The body is more than an engine, or carrier of the soul. As David Abram wrote in the seminal The Spell of the Sensuous, “Our bodies have formed themselves in delicate reciprocity with the manifold textures, sounds, and shapes of an animate earth – our eyes have evolved in subtle interaction with other eyes, as our ears have attuned by their very structure to the howling of wolves, and the honking of geese. To shut ourselves off from these other voices, to continue by our lifestyles to condemn these other sensibilities to the oblivion of extinction, is to rob our own senses of their integrity, and to rob our minds of their coherenece. We are human only in contact, and conviviality, with what is not human.” At the same time, we are also holy only in contact, and conviviality with what is human.

Sex and Sexuality on Stage

A friend recently turned and said to me, Oh, youre a dancer. Thats so great that youre in touch with your feminine side! I replied: “dance is masculine, Woman!” It reminded me that aspects of our life today are embedded with expectations of gender and sexuality. Dance is inherently neither masculine, nor feminine. Dance is also neither straight nor gay.

In performance practice, there are issues of character creation that legitimately come into play. Classical and narrative dance relies on the creation of character, and so of necessity, stereotypes are used. In the use of character within abstract work, however, it seems frequently as though our community is a dog being wagged by its tail. We seem to rely on the same character types that much of the work is seeking to both acknowledge and dissolve.

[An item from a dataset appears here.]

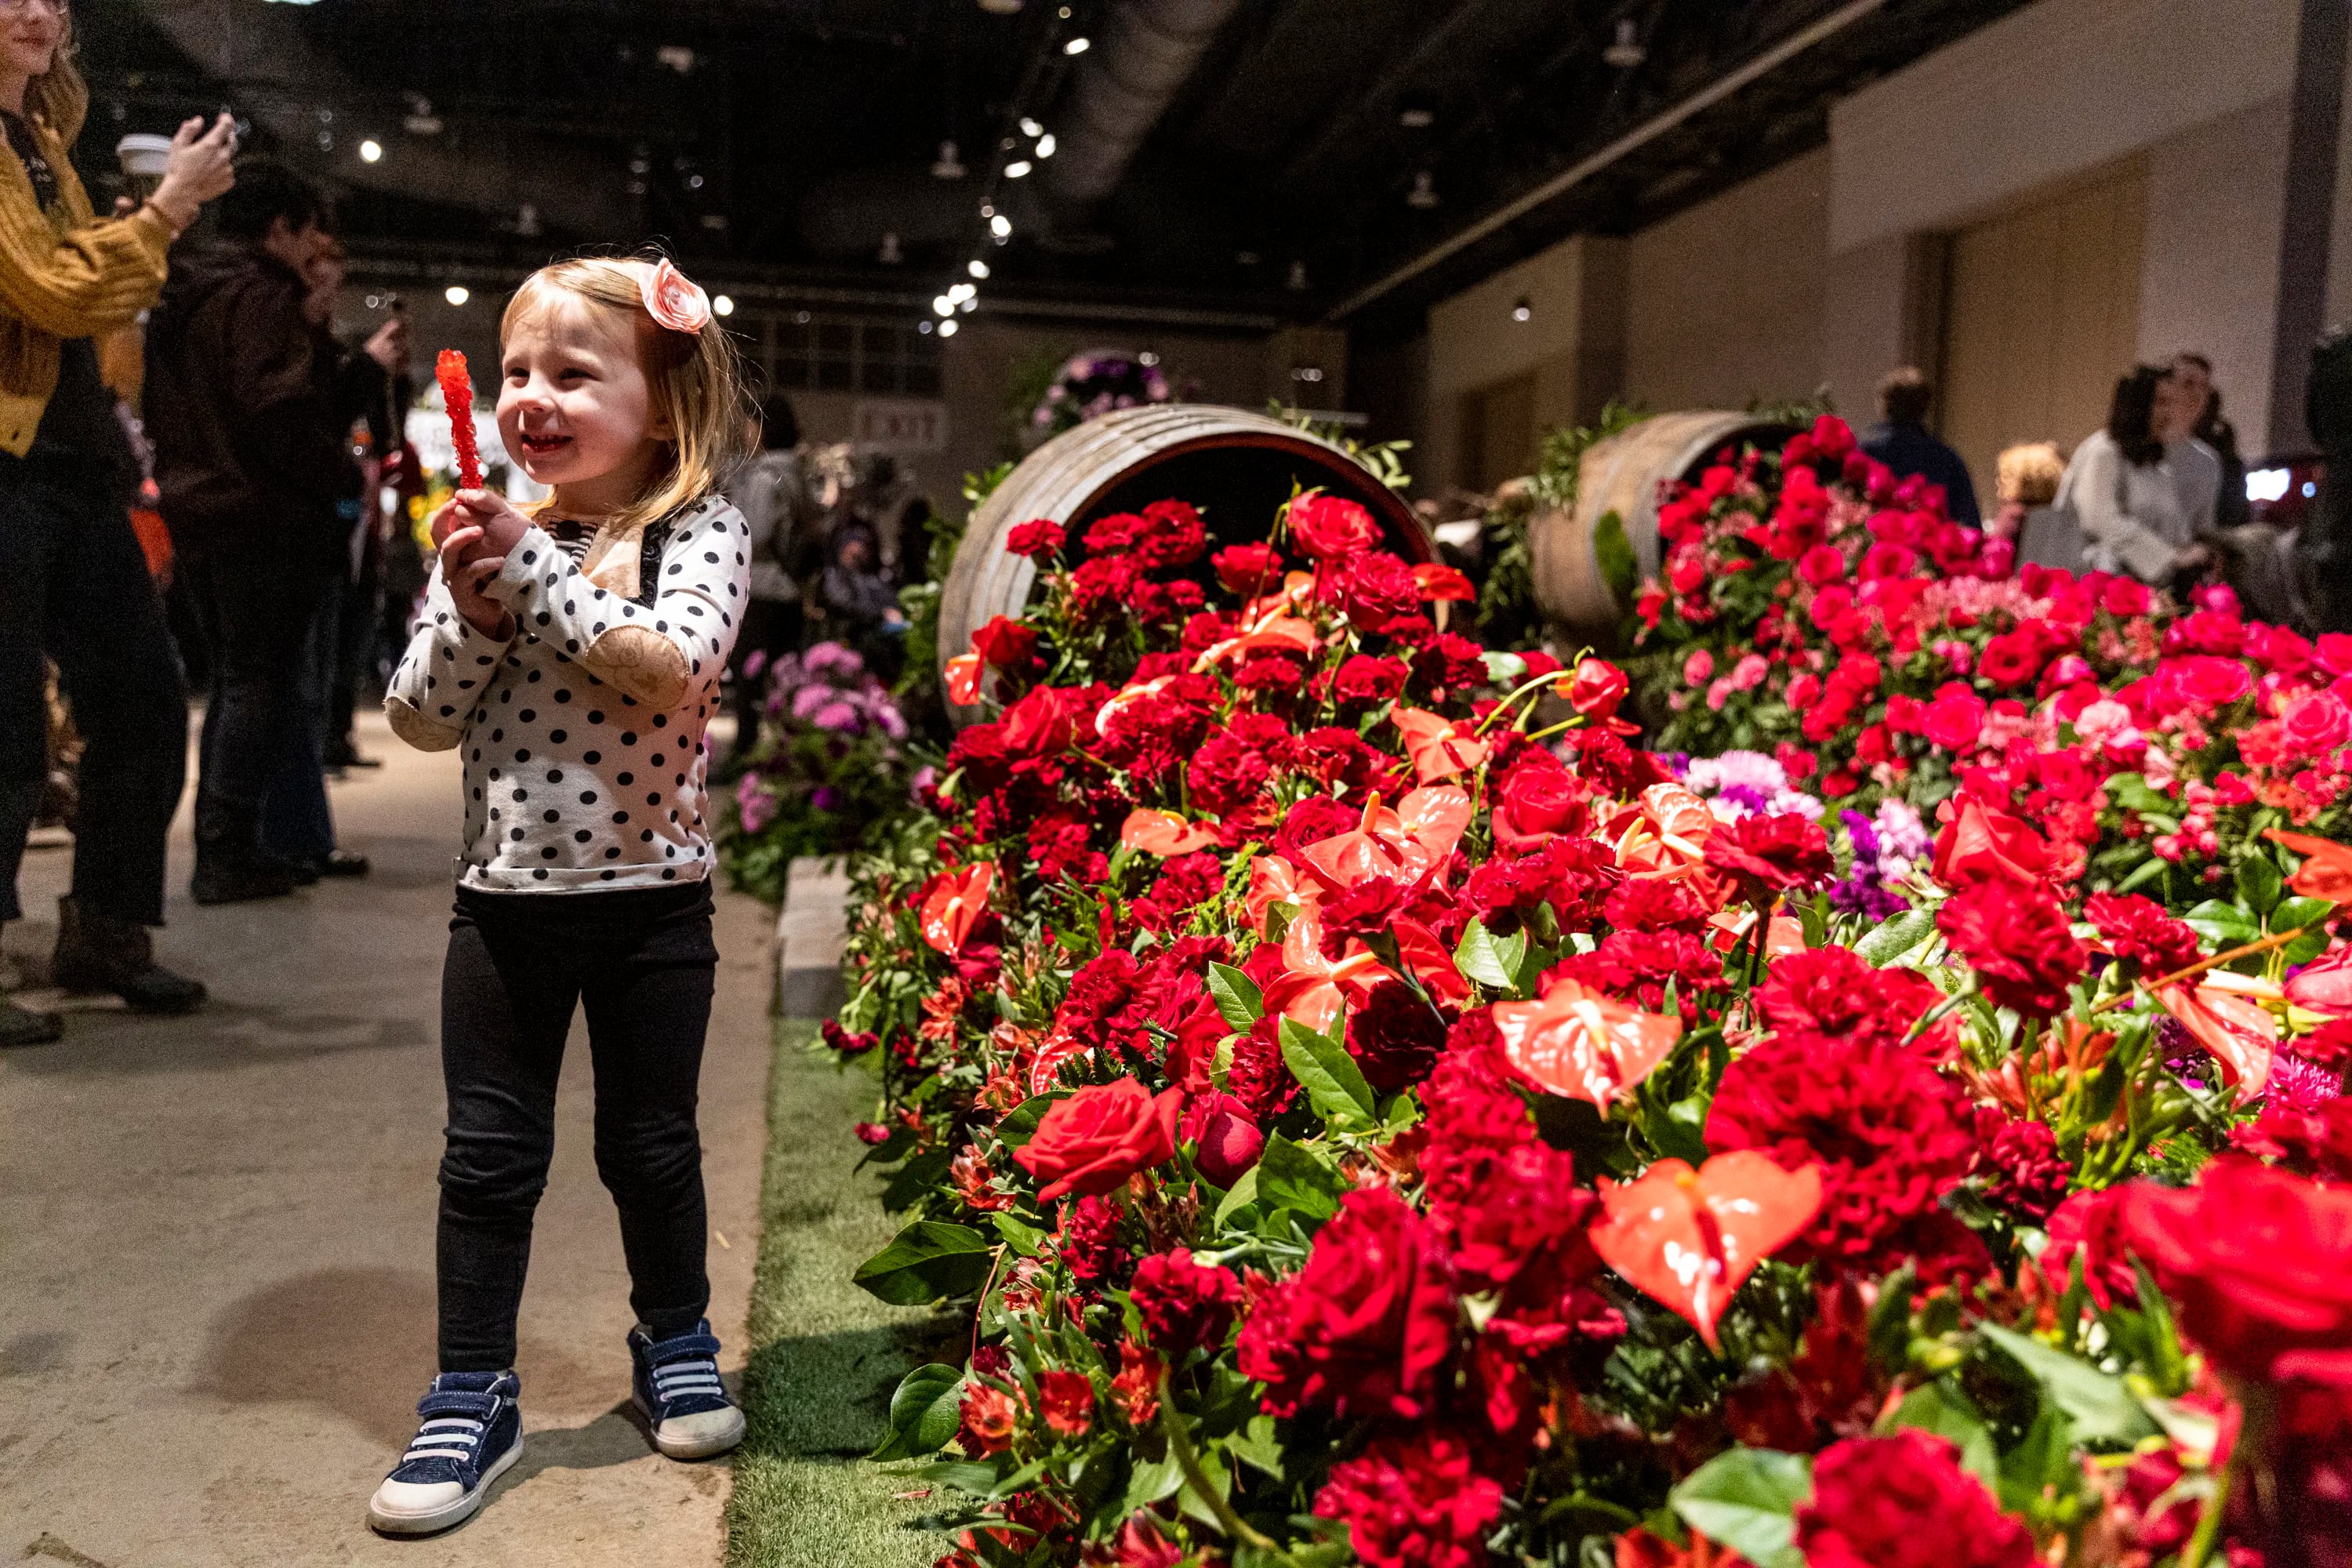 Ella Clark, 3, poses by the United Through Our Pour display by Black Girl Florists, while her mom, Jami Clark, of Narberth, Pa., takes a photo.

Artists are the visionaries who create the new world. At least thats what it says in our press packet. And so while we are representatives of communities, we are also leaders, responsible for helping others find the new light, the new way, the truth, and the way away from The Guiding Light. When we pay homage too deeply to existing stereotypes of humanity we lose our ability to express a more complex, holistic humanity.

Art – dance inclusive – has always been a home for the alternative. Artists are different. Today as all members of the society jockey for full participation, artists are unfortunately making our own acceptance more difficult by producing work that fetishizes notions of masculine, feminine, straight, and gay. To the degree that we as artists prepare the audience to see the world in stereotypes, we perpetuate a society that only knows how to know through separation.

Nevertheless – are there essential character traits to being a man? Are there central character traits to being a gay man? It is fine to answer glibly that, yes, being a Man (capital M) means liking beer, sports, and Jessica Simpson, and that being a gay man means liking fashion, wine-coolers and Jake Gylenhall. But that is not only bullshit, it hurts all of us. The fetishization of gay characteristics, the fetishization of female characteristics, pigeon-holes not just the artists but the audience into roles that have nothing to do with their character.

Being a dancer does not imbue one with a character. Being gay does not give one a certain character. Being a woman does not give one a certain character. We still live in a world where smart people – for example Lawrence Summers, recent past president of Harvard University – still actually debate whether men and women have the same intellectual possibility. As long as we – the visionaries of society – project stereotypes of masculine/feminine/gay/straight we give validity to the limits placed on any of those groups. Perpetuation of stereotypes in gender, sexuality, race, ethnicity, and age may be a part of our past, but they do not have to a part of our present.